In a move that took even his own State Department by surprise, Donald Trump declared that he would be meeting with North Korean leader Kim Jong Un.
The fact that the American entity responsible for conducting diplomacy was not clued in to this diplomatic deal is a gigantic red flag, and it sure looks like Trump just wants a propaganda win, which is exactly what Kim Jong Un gets out of this. This isn't all bad though. The South Koreans sure look like they maneuvered their way out of Trump's moronic trade war by facilitating these talks.
Tom Nichols, a professor at the Naval War College who worked on the nuclear conflict with the Soviet Union, laid out what can be expected from these “talks.”
It really cannot be understated how big of a diplomatic win this is for North Korea. In 1988, they released a propaganda film titled The Country I Saw, and in 2012, the government debuted parts 2 through 5, effectively communicating what they wanted out of a relationship with the United States. Jeffrey Lewis is the Director of the East Asia Nonproliferation Program at the James Martin Center for Nonproliferation Studies at the Middlebury Institute of International Studies at Monterey, and he wrote about The Country I Saw just after it came out in 2012:
The movie—actually four full-length sequels to a 1988 propaganda piece called The Country I Saw—is the fictional story of how one unassuming Japanese professor of international relations learns to stop worrying and love North Korea’s bomb.

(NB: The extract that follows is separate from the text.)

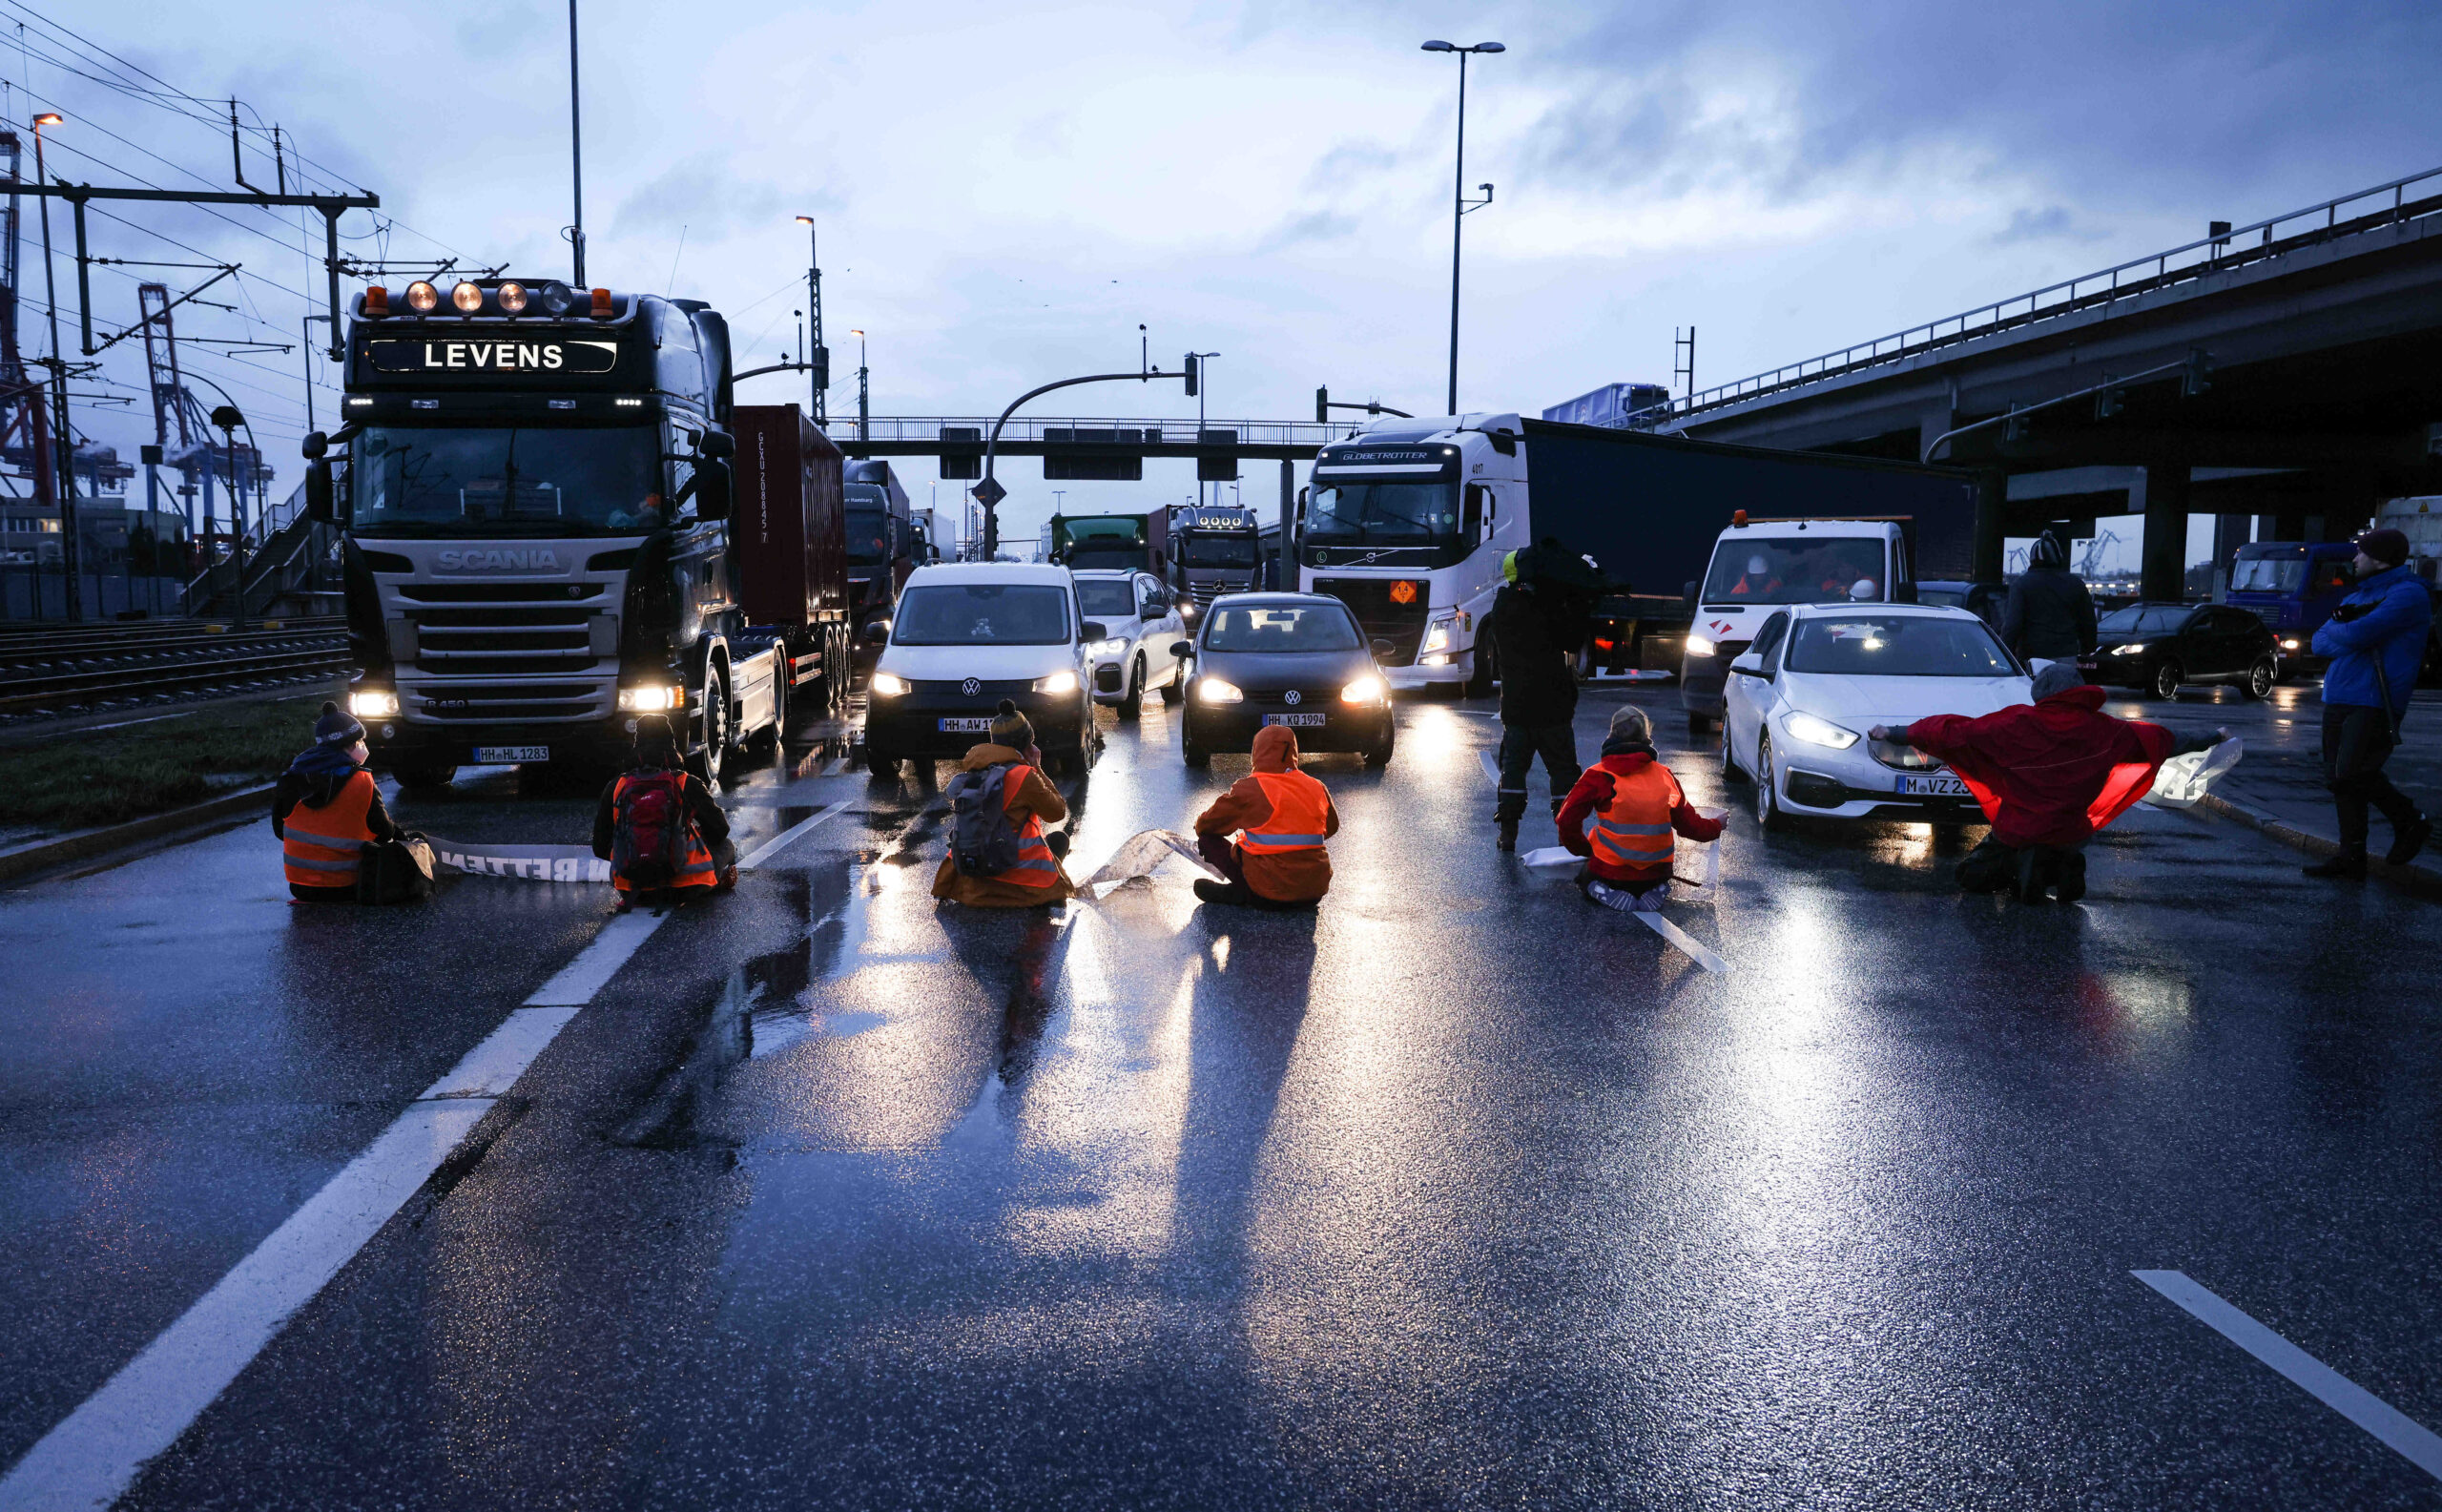 Klimaaktivisten der Aktion „Aufstand der letzten Generation“ blockieren am Morgen eine Kreuzung am Zollamt Waltershof zur Köhlbrandbrücke und zur Autobahn A7.

The climax of the movie is where Donald Trump comes in, as he literally just pledged to reenact the scene that North Korea depicted as a major, major victory for them. Per Lewis:
One of the enduring questions has been what the DPRK really seeks from the United States. Most experienced voices believe that the leadership of the DPRK is seeking recognition for its regime, ultimately in the form of normalized relations. High-level contacts, such as summits and special envoys, are important evidence for North Korea that the world accepts the regime. The Country I Saw does much to reinforce the general view of a DPRK leadership that has set securing the legitimacy and stability of its regime as the over-riding foreign policy goal. That a visit by Bill Clinton instead of Bill Richardson is the big reveal at the end of the movie says a lot about how North Korea sees its nuclear diplomacy.

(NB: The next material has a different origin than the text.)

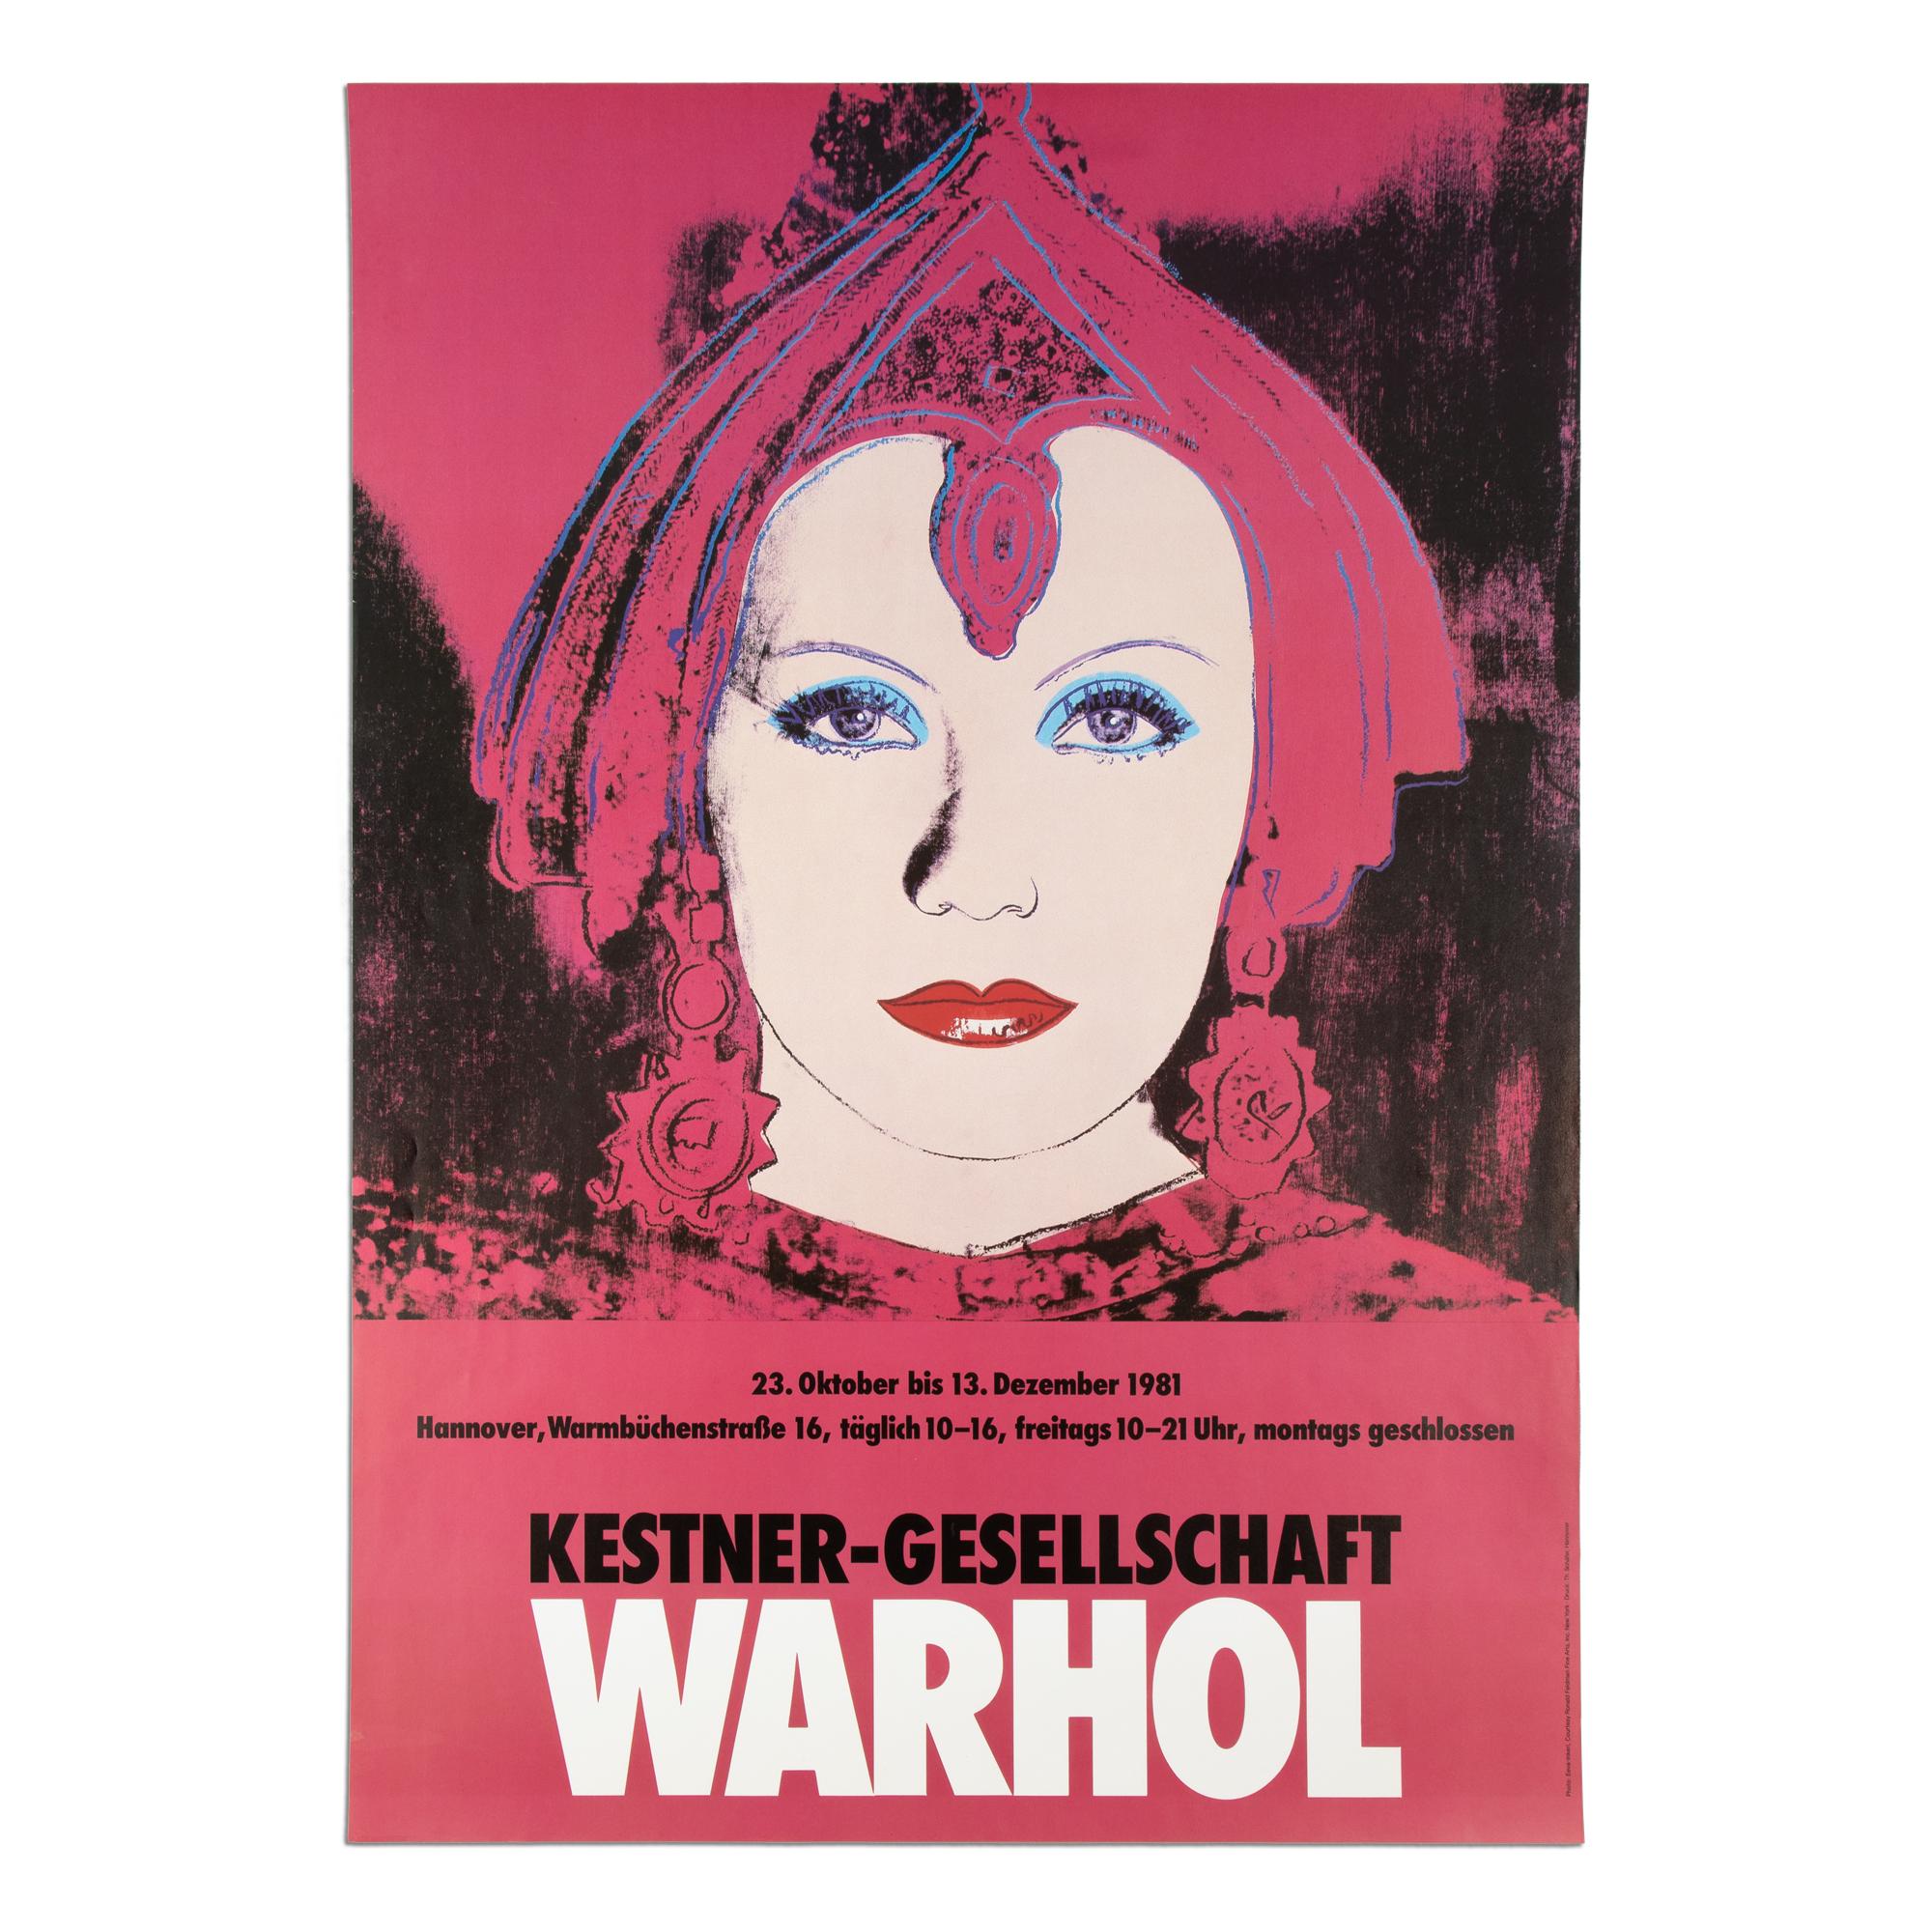 Portrait Print (after) Andy Warhol - Andy Warhol, L'étoile - Kestner-Gesellschaft, affiche d'exposition, impression Pop Art

Trump is basing his achievement on the incredibly dubious prospect that North Korea will give up its nuclear program. Even though Lewis highlights some hope for a normal(ish) relationship, it’s difficult to see how it happens under Donald Trump’s denuclearized terms.
The movie is rather less encouraging on the subject of whether North Korea will negotiate away its nuclear weapons and ballistic missiles. Particularly notable is the observation that ideological conflict no longer dominates international politics. North Korea’s place in the world, at least in The Country I Saw, is entirely a function of missile and nuclear capabilities. The United States may be able to achieve temporary reduction in tensions and even freeze certain programs, but it seems equally clear that the DPRK has concluded that its survival as a functioning state in the international system is entirely a product of its military capabilities. Soft power is not concept that gets much attention in The Country I Saw.
Not to mention, the “achievement” made by Trump is only an agreement to talk. There is nothing scheduled, as Sarah Huckabee Sanders said: “He will accept the invitation to meet with Kim Jong Un at a place and time to be determined.”
Just like how he was going to repeal Obamacare on day one? Or the DACA bill that he was going to sign? Or the interview with Robert Mueller he wants to have? The president is an expert in saying things and not following up on them, and given that the State Department seemingly had no idea this major announcement was about to happen, it seems like a good bet that Trump and Kim Jong Un will never meet face to face. Ultimately, that would likely be the best option to happen in this ordeal, because as Trump joked at the annual Gridiron Club Dinner: “As far as the risk of dealing with a madman is concerned, that’s his problem, not mine.”